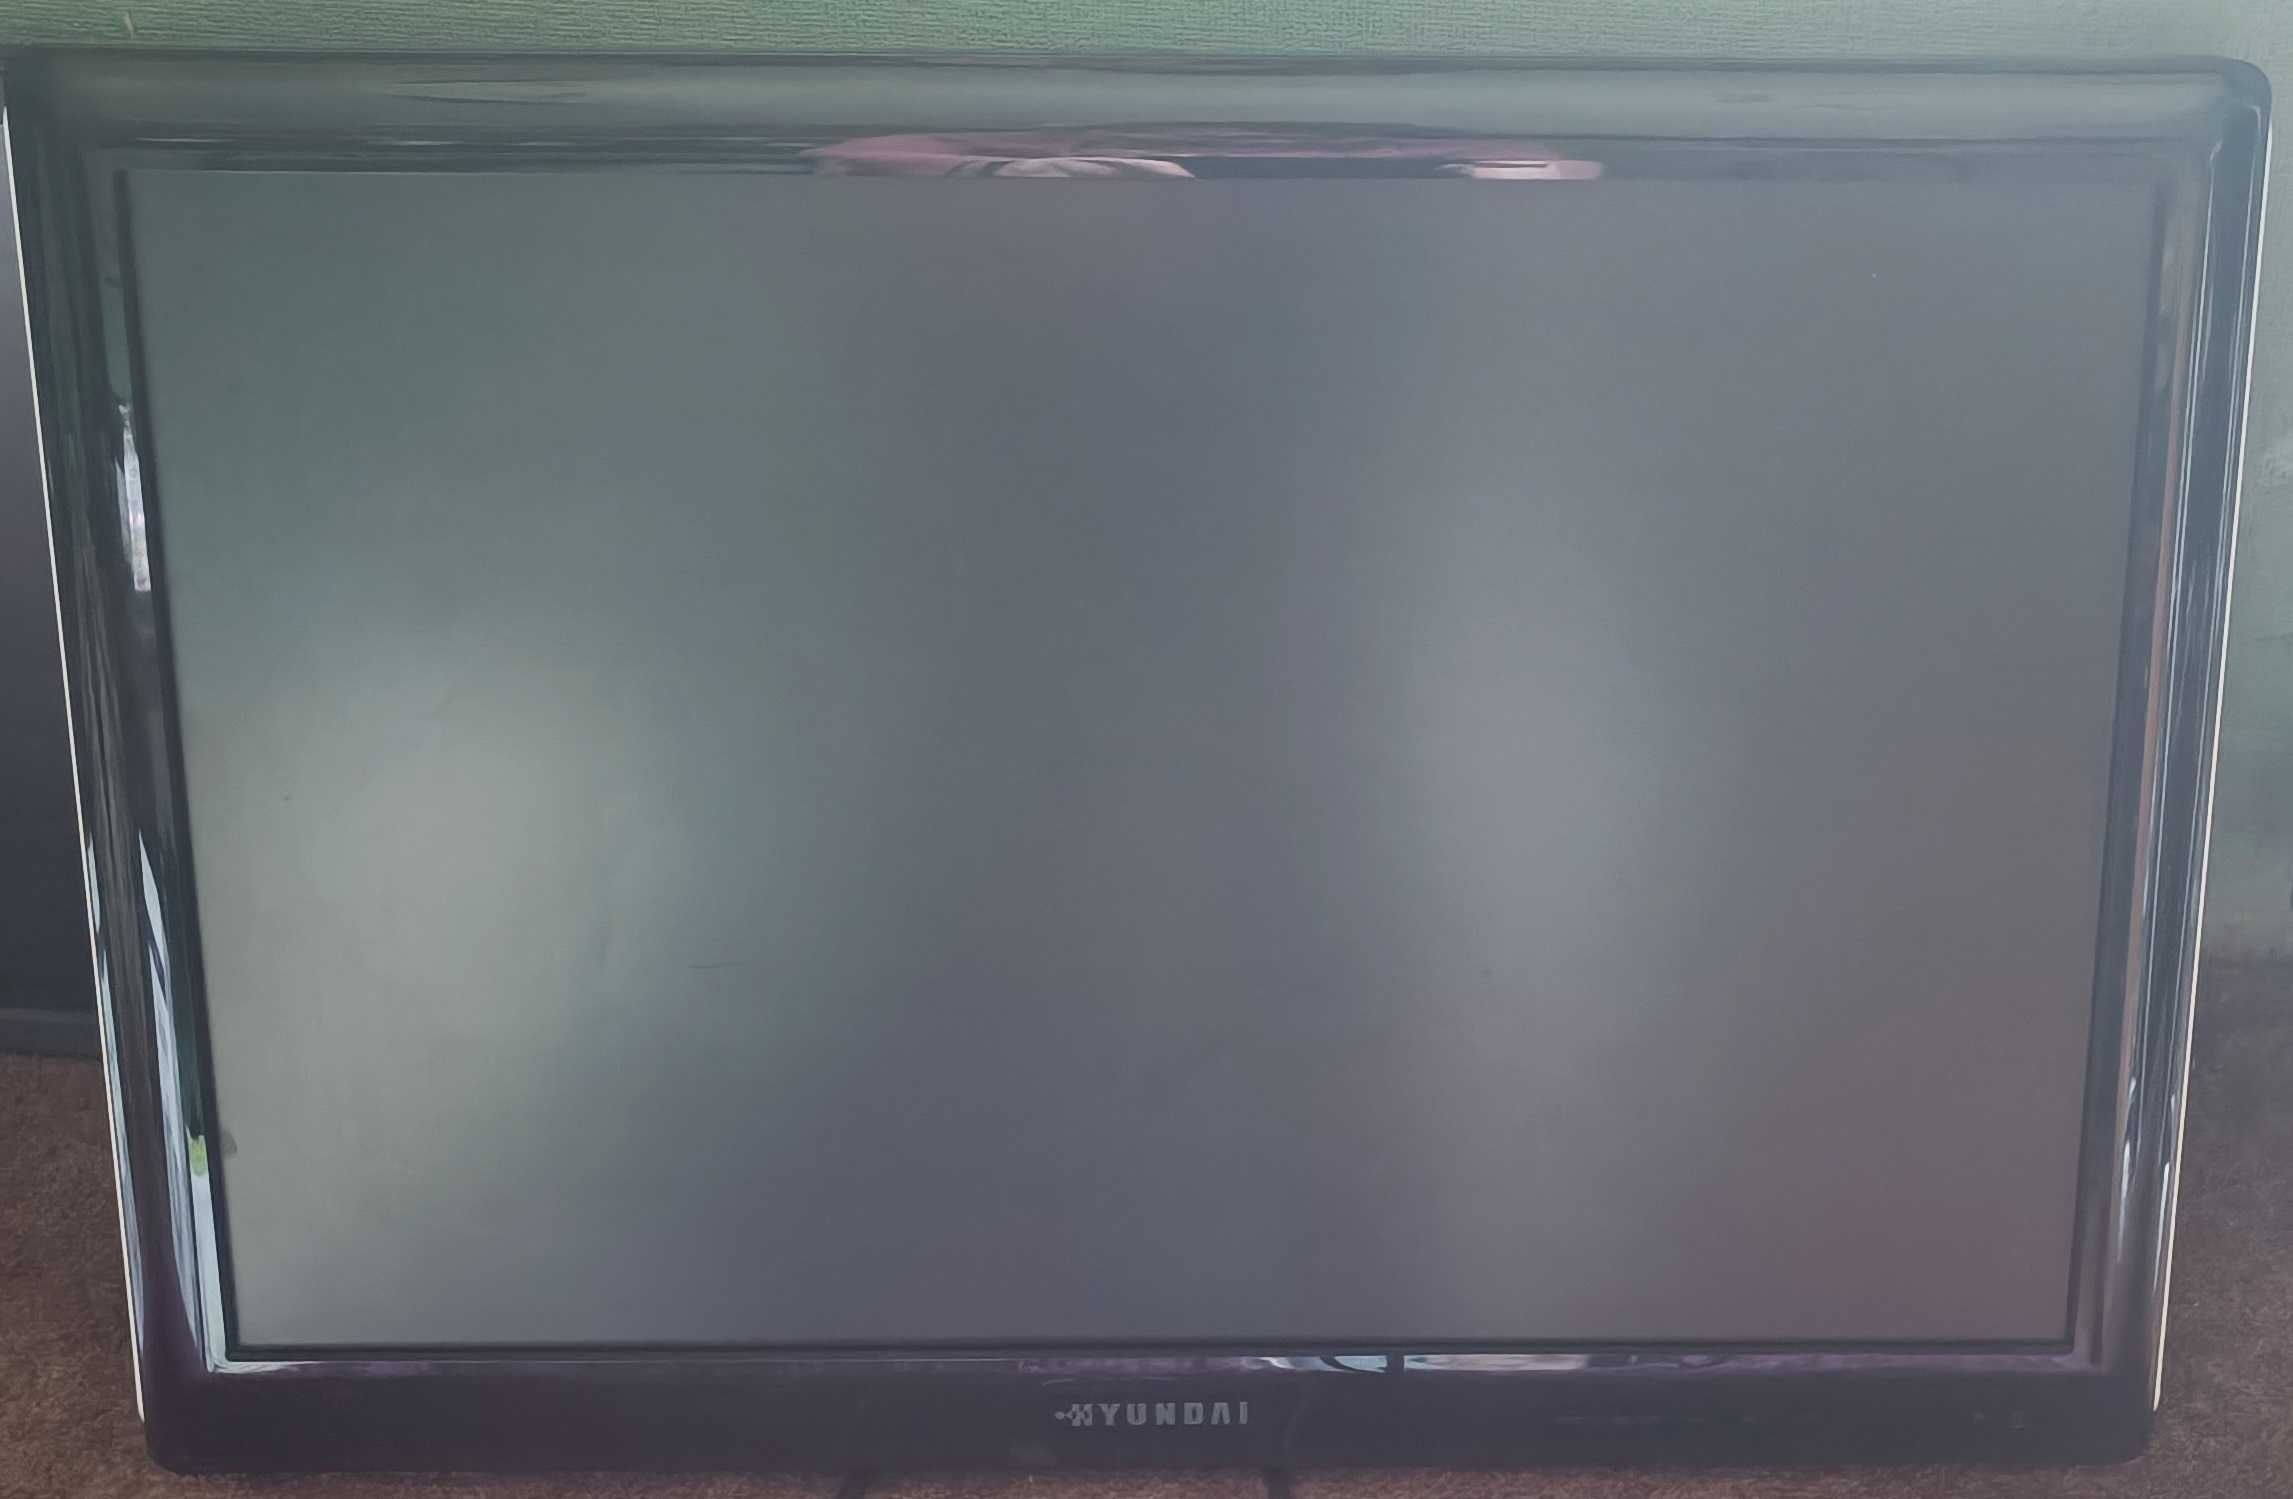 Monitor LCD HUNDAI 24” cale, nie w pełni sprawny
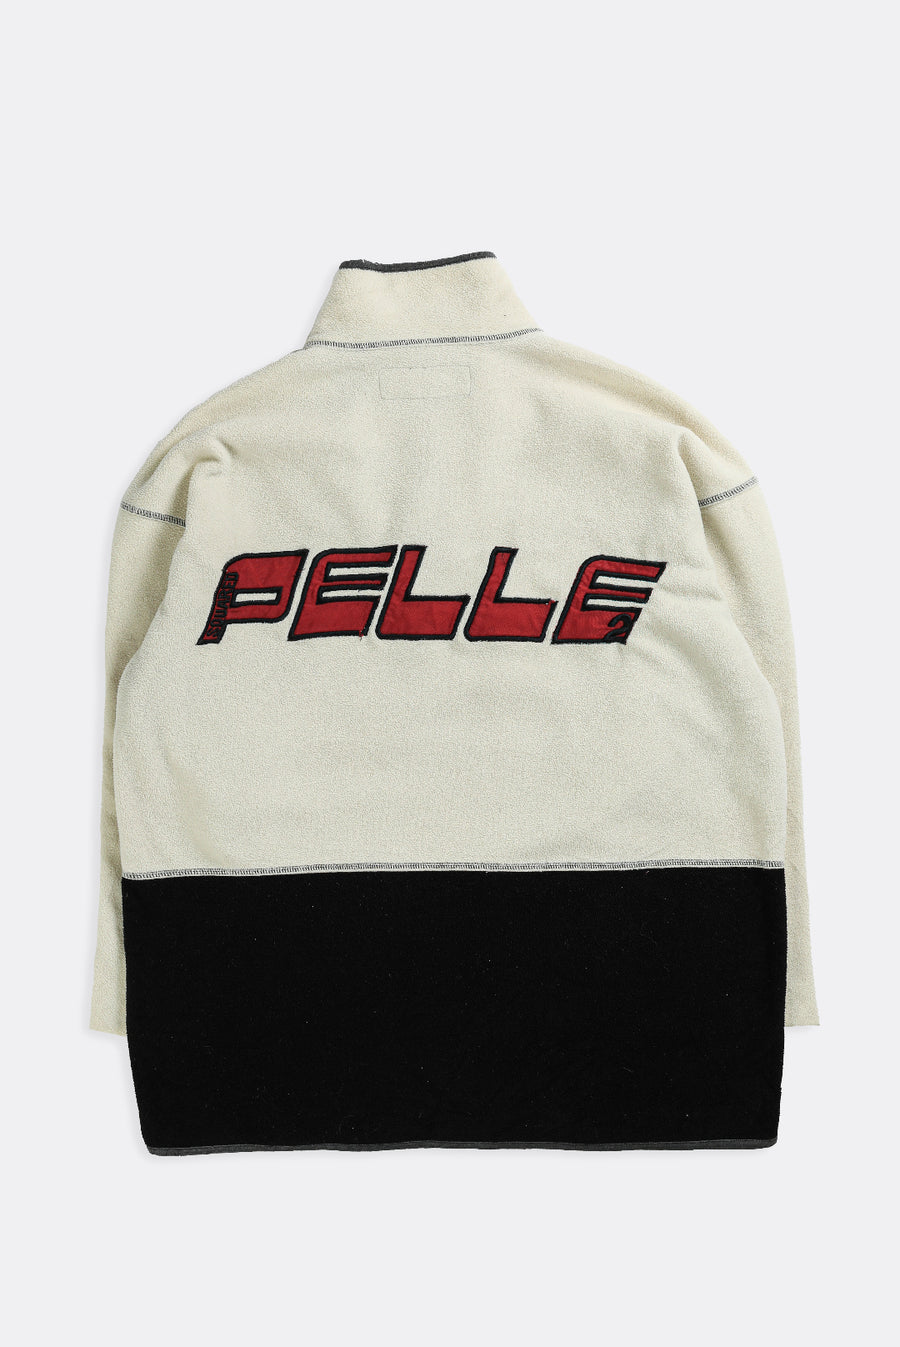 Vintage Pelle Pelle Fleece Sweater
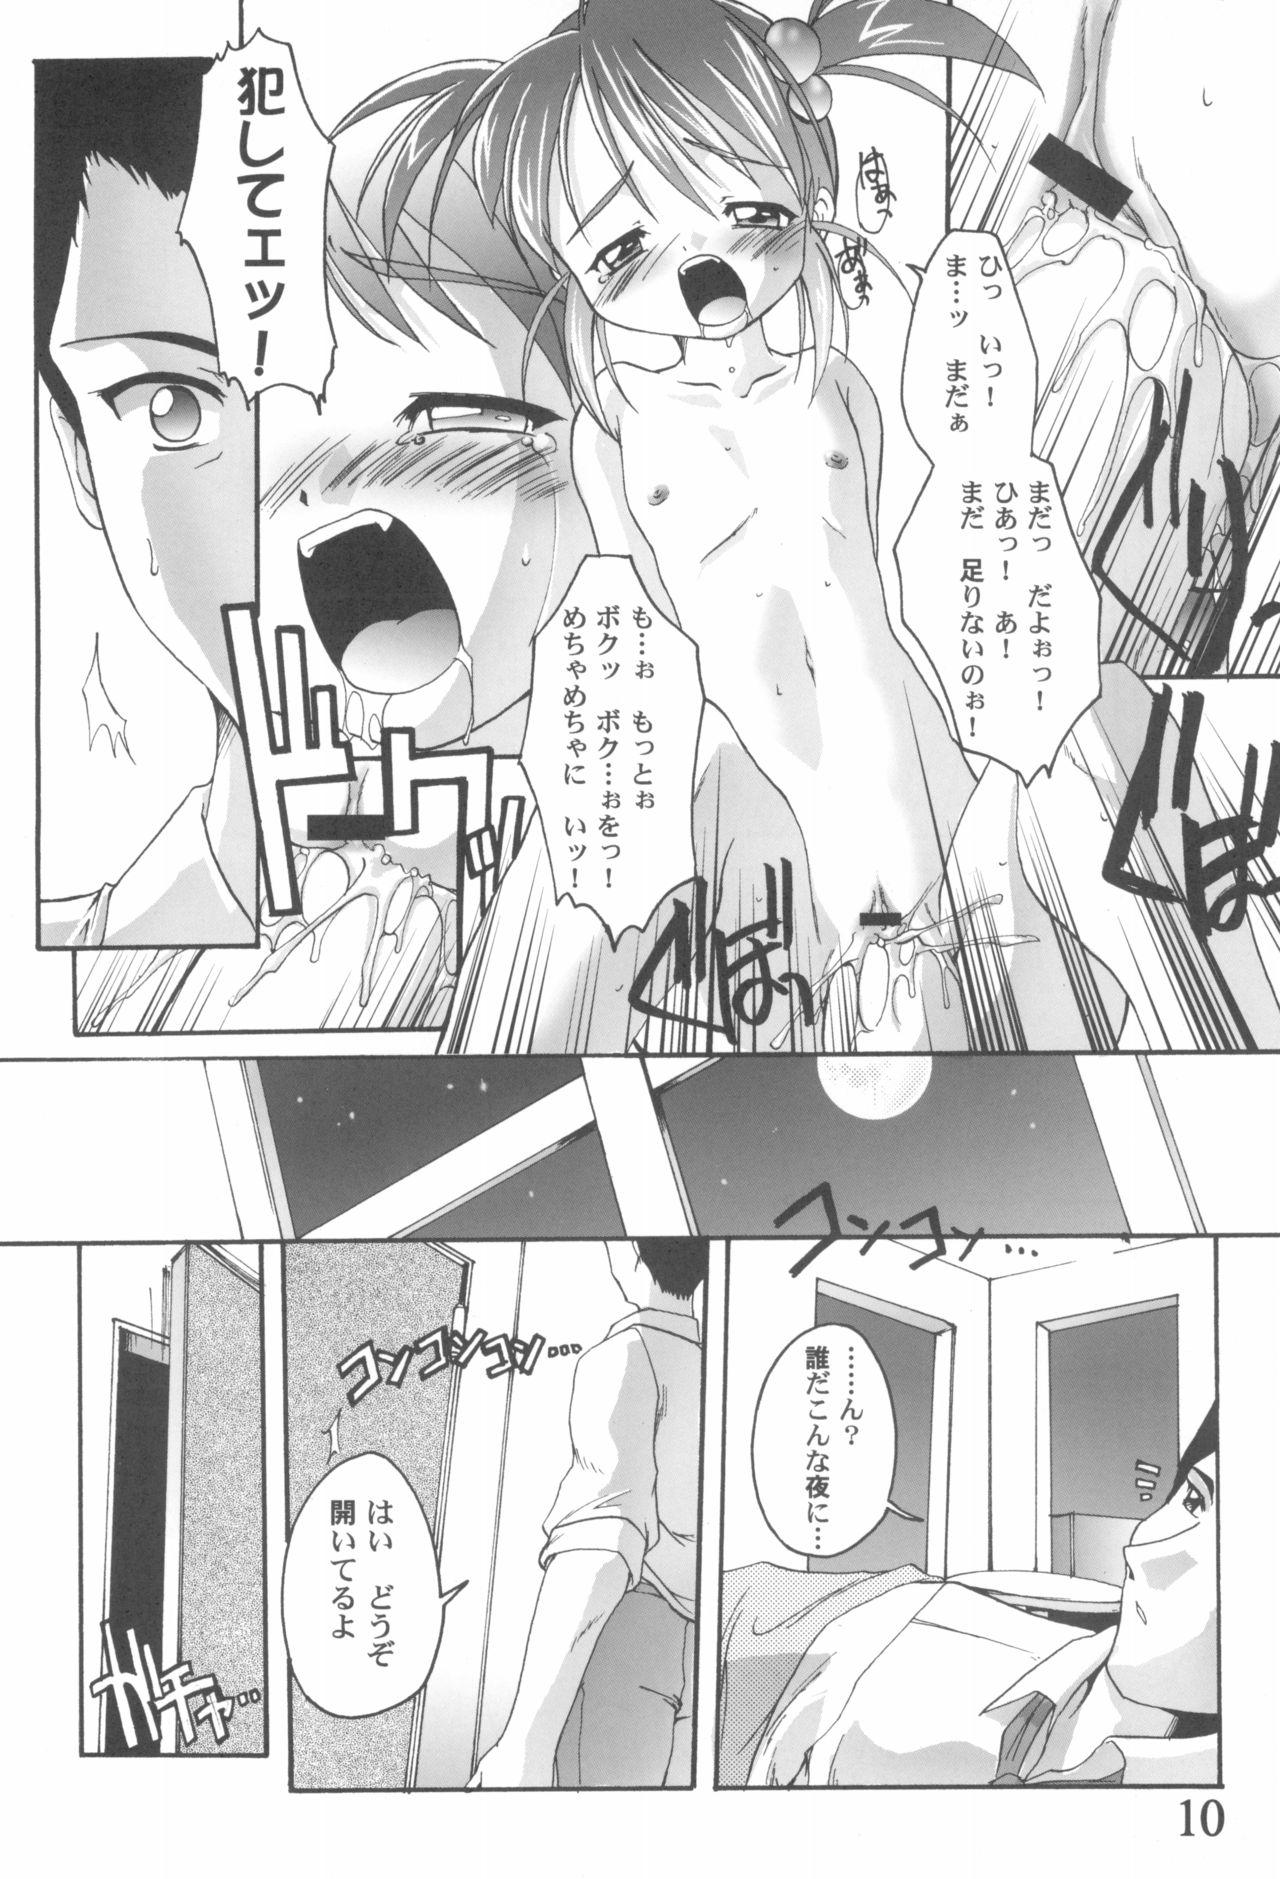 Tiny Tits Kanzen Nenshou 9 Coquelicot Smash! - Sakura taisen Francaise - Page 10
___
▶ _Work to complete_
Write out verbatim the lines from the one containing "Vintage Pelle Pelle Fleece Sweater" through the last line of the listing above, and no other lines; omit pictures.

▶ _Exercise answer_
 Vintage Pelle Pelle Fleece Sweater
 Tiny Tits Kanzen Nenshou 9 Coquelicot Smash! - Sakura taisen Francaise - Page 10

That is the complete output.